Encryption programs typically use more than one encryption algorithm, along with an encryption key.
Encryption Key
An encryption key is a set of characters that the originator of the data uses to encrypt the plaintext and the recipient of the
data uses to decrypt the cipher text. Two basic types of encryption are private key and public key.
Private Key Encryption
Private Key Encryption is also called symmetric key encryption. The same secret key is used by both the originator and the
recipient to encrypt and decrypt the data.
Public Key Encryption
Public Key Encryption is also called asymmetric key encryption. It uses two encryption keys: a public key and a private key.

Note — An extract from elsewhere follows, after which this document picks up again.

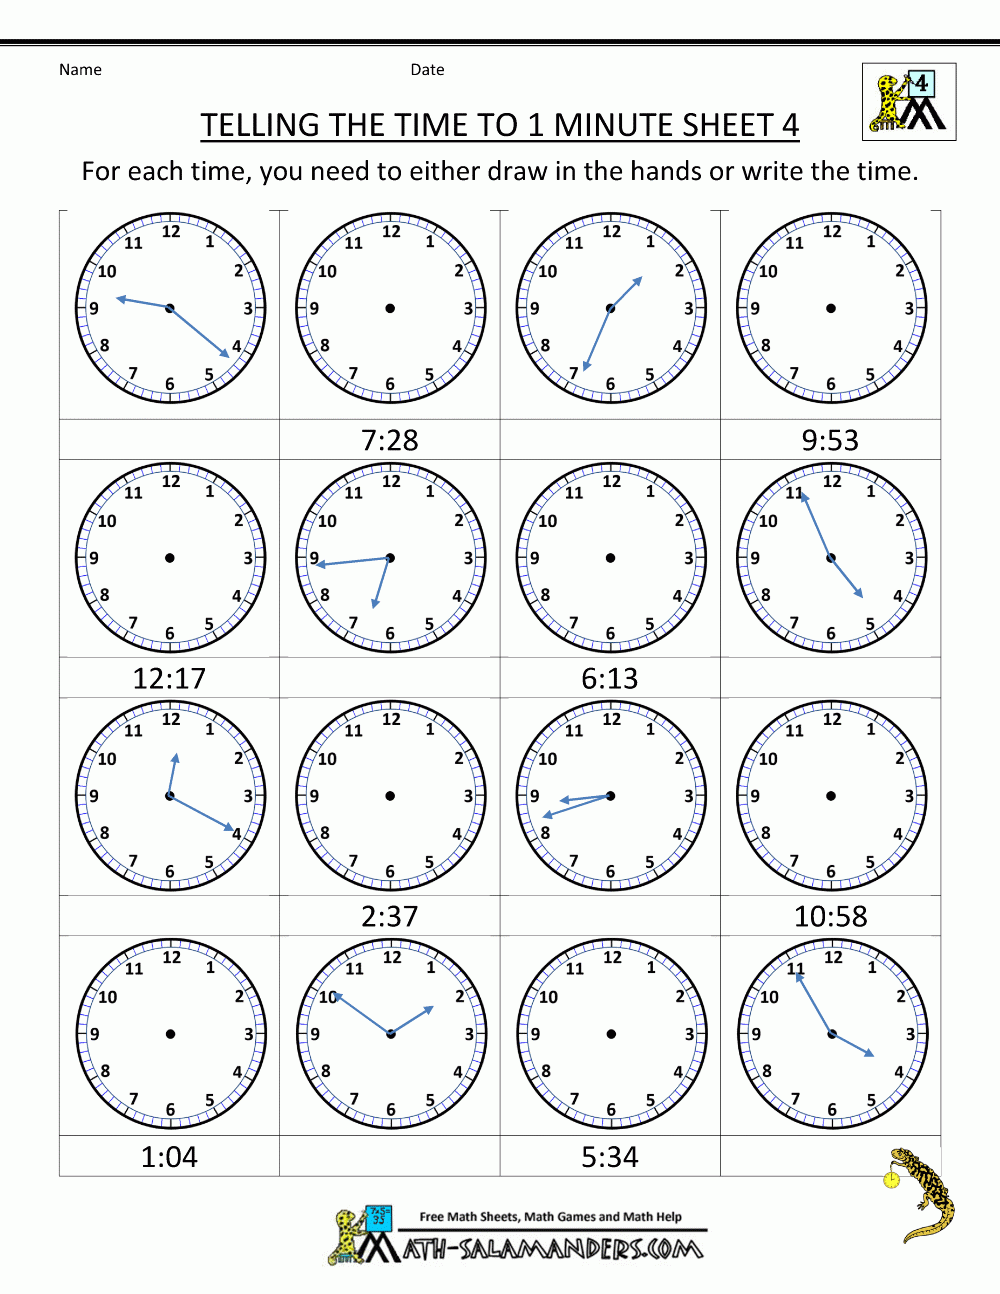 Printable Time Worksheets Telling The Time To 1 Min 4 | Time

Public key encryption software generates both the private key and the public key. A message encrypted with a public key can
be decrypted only with the corresponding private key, and vice versa. The public key is made known to message originators
and recipients. For example, public keys may be posted on a secure Web page or a public-key server, or they may be emailed. The private key must always be kept confidential. Usually extremely efficient, requiring simple processing to encrypt
or decrypt the message
Main challenge is getting a copy of the key to the receiver, a process that must be conducted out-of-band to avoid
interception
There is also a third encryption key called a Hybrid key.
Hybrid Key Encryption
Hybrid Key Encryption is a combination of symmetric and asymmetric encryption keys. For key distribution, symmetric is used
and when encrypting and decrypting the message, asymmetric is used.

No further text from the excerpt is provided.